The reset gate $L_r$ determines how much information from to “forget” or “retain” when calculating the new information to add to the hidden state from the current state.

(2)

The update gate $L_u$ determines what information to “forget” or “retain” from the previous hidden state.

(3)

The candidate gate $L_n$ determines what information from the reset input will contribute to the next hidden state.

GRUs are well suited to sequential data when repeating patterns are less frequent, whereas LSTM cells perform well in cases where more frequent pattern information needs to be captured. LSTMs also have a tendency to overfit when compared to GRUs, and as such GRUs outperform LSTM cells when the sample size is low [27].

3.4 Advantages, Disadvantages, and Applications

In this section, we have explained the forward pass that allows an RGNN to produce useful predictions over graph input data. During the forward pass, a transition function ${f}\:$ is recursively applied to an input graph to create high-level features for each neighborhood. The repeated application of ${f}\:$ ensures that at iteration $k$ , an embedding h $_{i}^{\,k}$ includes information from vertices $k$ edges away from ${\it v_{i}}$ . These high-level features can be fed to an output function to solve downstream tasks.

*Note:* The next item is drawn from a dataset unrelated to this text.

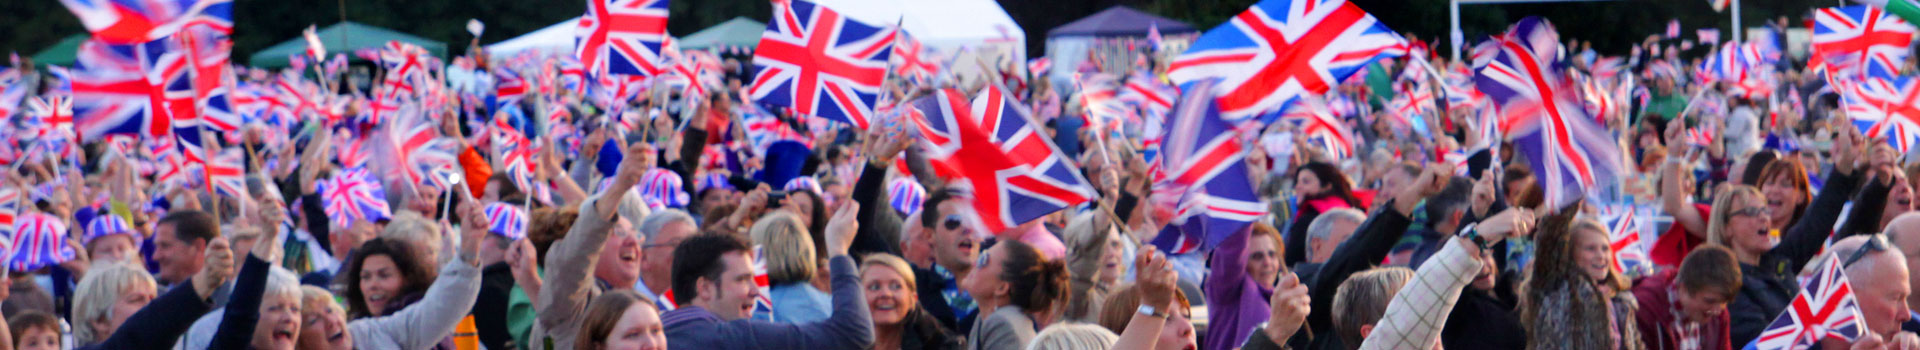 Sponsorship and advertising opportunities are available for Lichfield Proms in Beacon Park.

During the backward pass, the parameters for the NNs ${f}\:$ and ${g}\:$ are updated with respect to a loss that is backpropagated through the computation graph defined in the forward pass. Recurrent processing units can also refer to approaches for handling graph-based sequential data, which include graph-based extensions to LSTMs and GRUs.

In actuality, the formulation for calculating embeddings provided in Equation (1) represents only one approach to calculating embeddings. This approach will be contextualised in Section 4, where a broader perspective on calculating useful embeddings will be introduced.

While RGNNs offer a simple approach to working with generic graphs, they have a number of shortcomings. Namely, the shared transition function ${f}\:$ means that the same weights are being used to extract features in successive iterations, which may not be ideal for deep learning scenarios where the relationships between low-level features (earlier in the network) are different to the relationships between high-level features (later in the network). Moreover, since RGNNs iterate until convergence, they have variable length encoding networks, which can add implementation complexities. In the next section, we will discuss how these issues can be alleviated by developing formal definitions of convolution in the graph domain.

4 Convolutional Graph Neural Networks

Convolutional NNs have achieved state-of-the-art performance on predictive tasks involving images. By convolving a learned kernel of weights with an input image, CNNs extract features of interest based on their visual appearance—regardless of their locality in the image. Since images are just a special case of graphs (see Figure 1(a)), a generalized convolution operator can be defined for the graph domain, thus bringing the following desirable properties to GNNs:

(1)

Locality: Learned feature extraction weights should be localized. They should only consider the information within a given neighborhood, and they should be applicable throughout the input graph.

(2)

Scalability: The learning of these feature extractors should be scalable, i.e., the number of learnable parameters should be independent of $\vert {\mbox{V}}\vert$ . Preferably the operator should be “stackable,” so models can be built from successive independent layers, rather than requiring repeated iteration until convergence as with RGNNs in Section 3. Computation complexities should be bounded where possible.

(3)

Interpretability: The convolutional operation should (preferably) be grounded in some mathematical or physical interpretation, and its mechanics should be intuitive to understand.

4.1 What Is Convolution?

We define convolution generally as an operation whereby an output is derived from twogiven inputs by integration or summation, which expresses how the one is modified by the other.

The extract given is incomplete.